Category totals across all 4 real websites:

| Category | agent-cdp | Playwright | PW/acdp |
|----------|-----------|------------|---------|
| JS eval (5 ops) | 3.22s | 7.35s | **2.28x** |
| DOM API (querySelector) | 3.91s | 49.05s | **12.56x** |
| Content (HTML) | 11.73s | 14.33s | 1.22x |
| Binary (screenshot) | 40.37s | 47.80s | 1.18x |
| Specialized (snapshot + a11y) | 13.89s | 25.77s | **1.85x** |
| Pipeline (5-step cleaning) | 14.20s | 19.73s | 1.39x |

**Overall: Playwright is 1.88x slower than agent-cdp** (87.33s vs 164.03s total across 4 sites × 12 ops × 50 iterations).

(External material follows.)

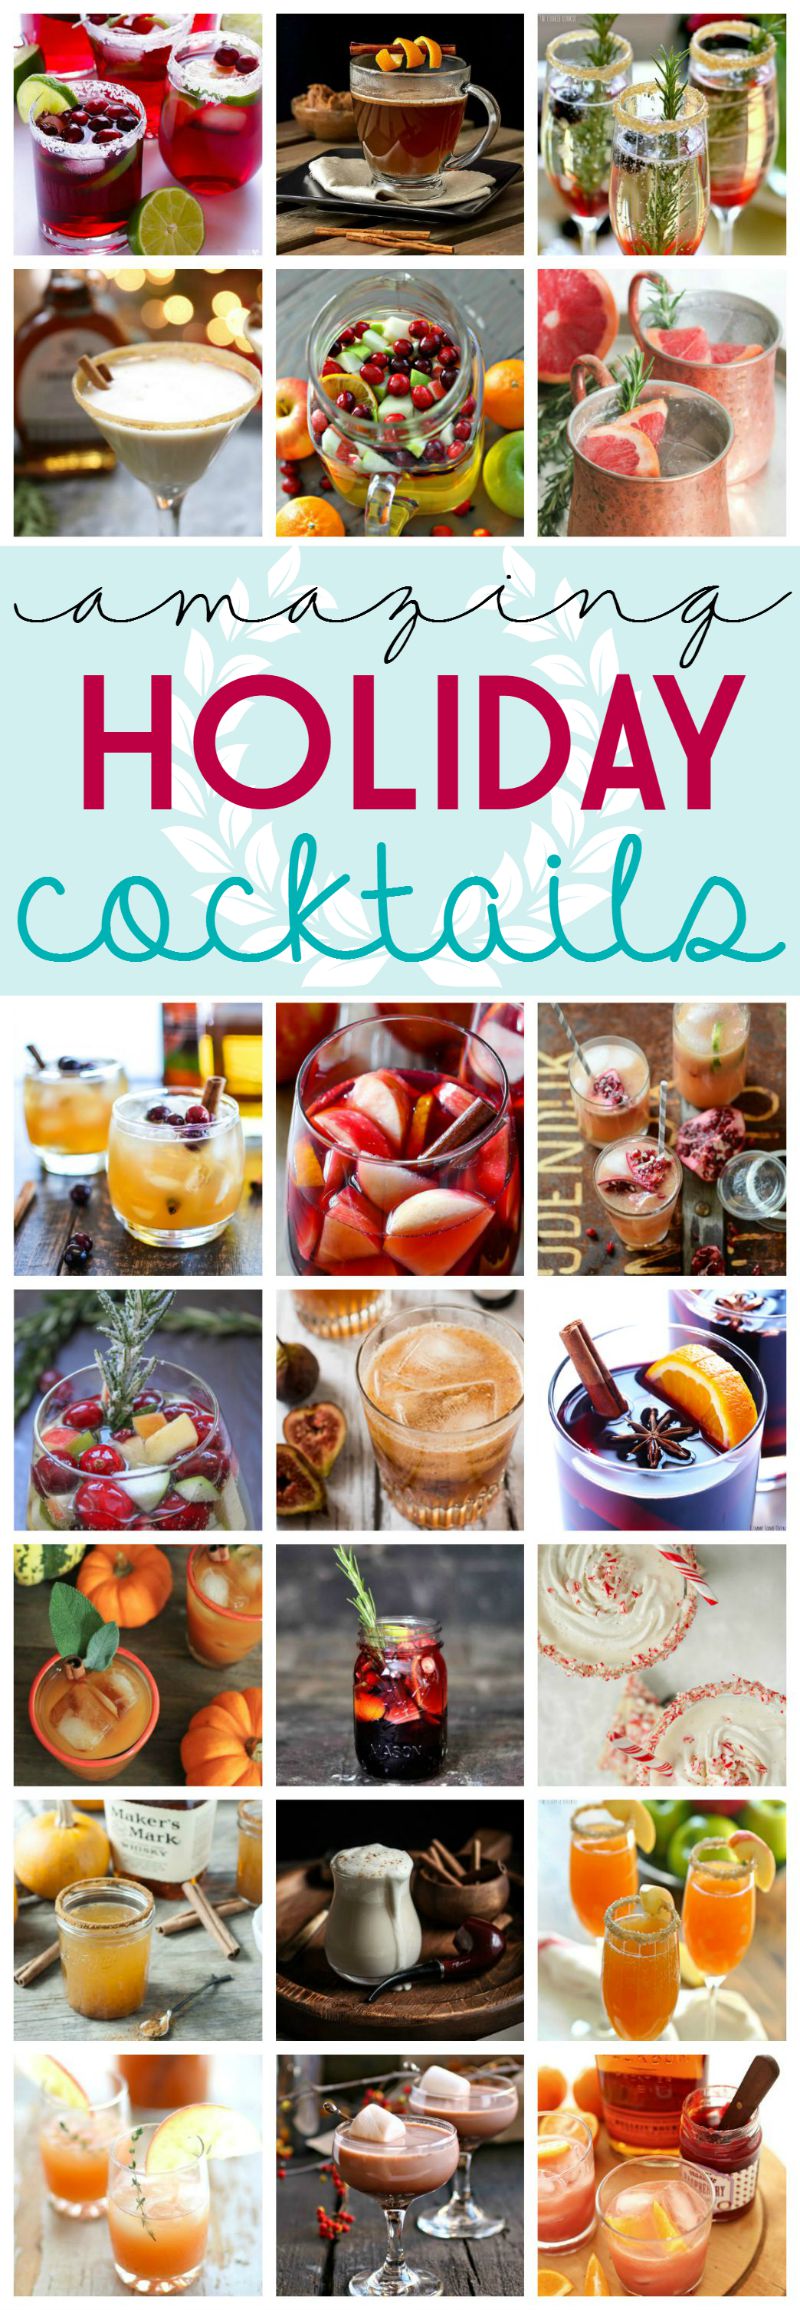 Holiday Cocktails Ideas on Frugal Coupon Living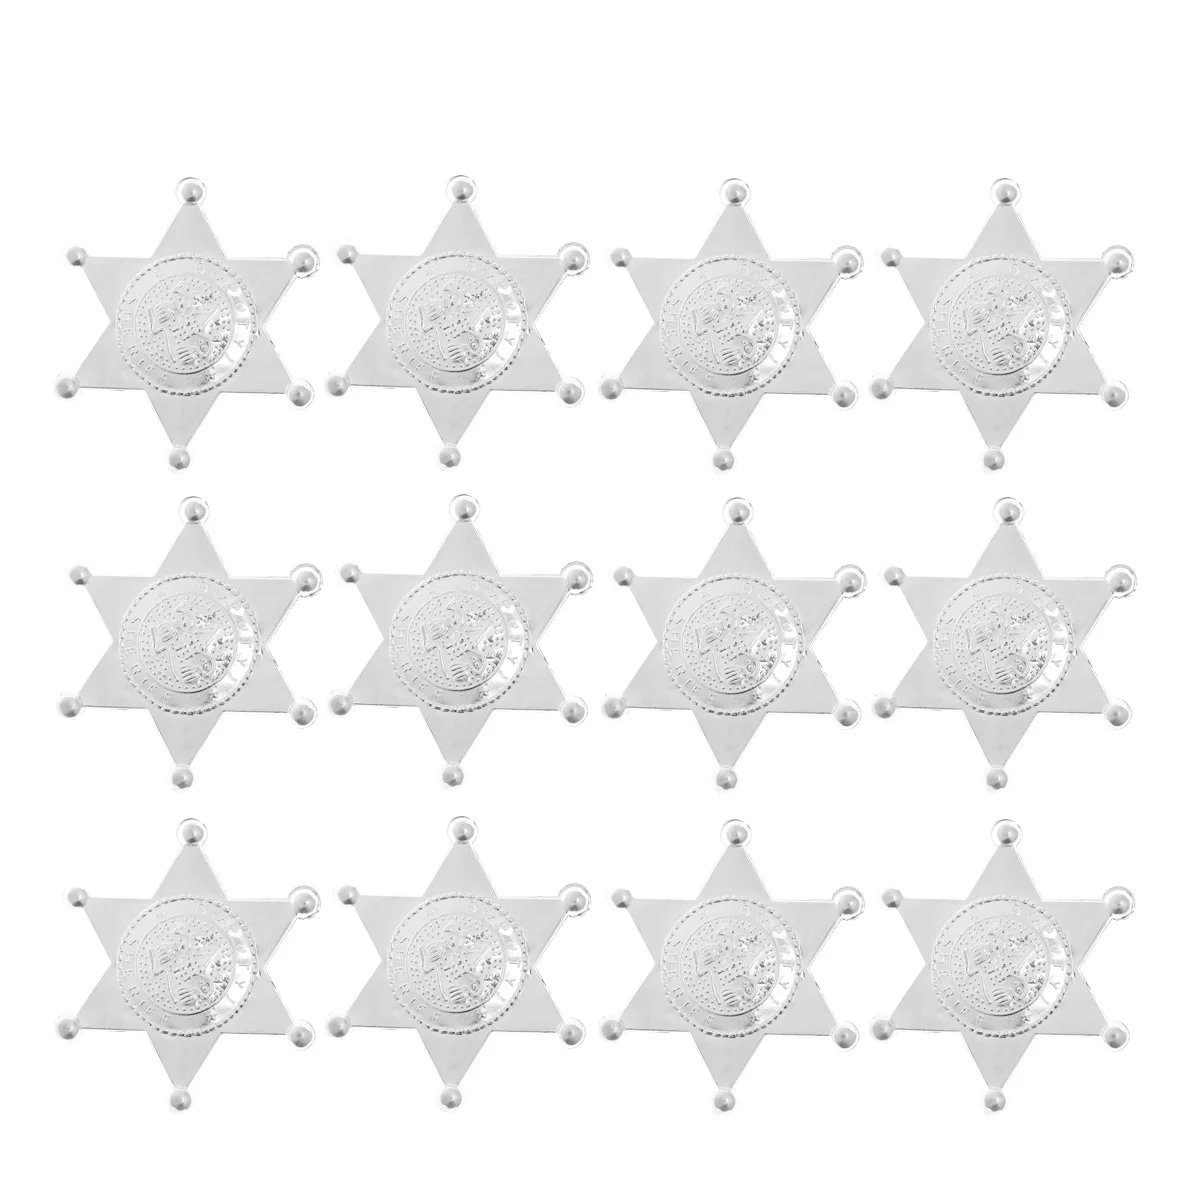 

12pcs Plastic Deputy Sheriff Hexagonal Star Badges Personalized Officer Name Tags Brooch for Law Enforcement Officer Costume

The DOM API gap scales with page complexity — Amazon's 5014-node DOM produces a **16.6x** gap on `querySelectorAll`, while Google's 594-node DOM shows **4.8x**. This is because Playwright creates an `ElementHandle` object per element with round-trip IPC, while agent-cdp returns raw `nodeId` arrays in a single CDP response.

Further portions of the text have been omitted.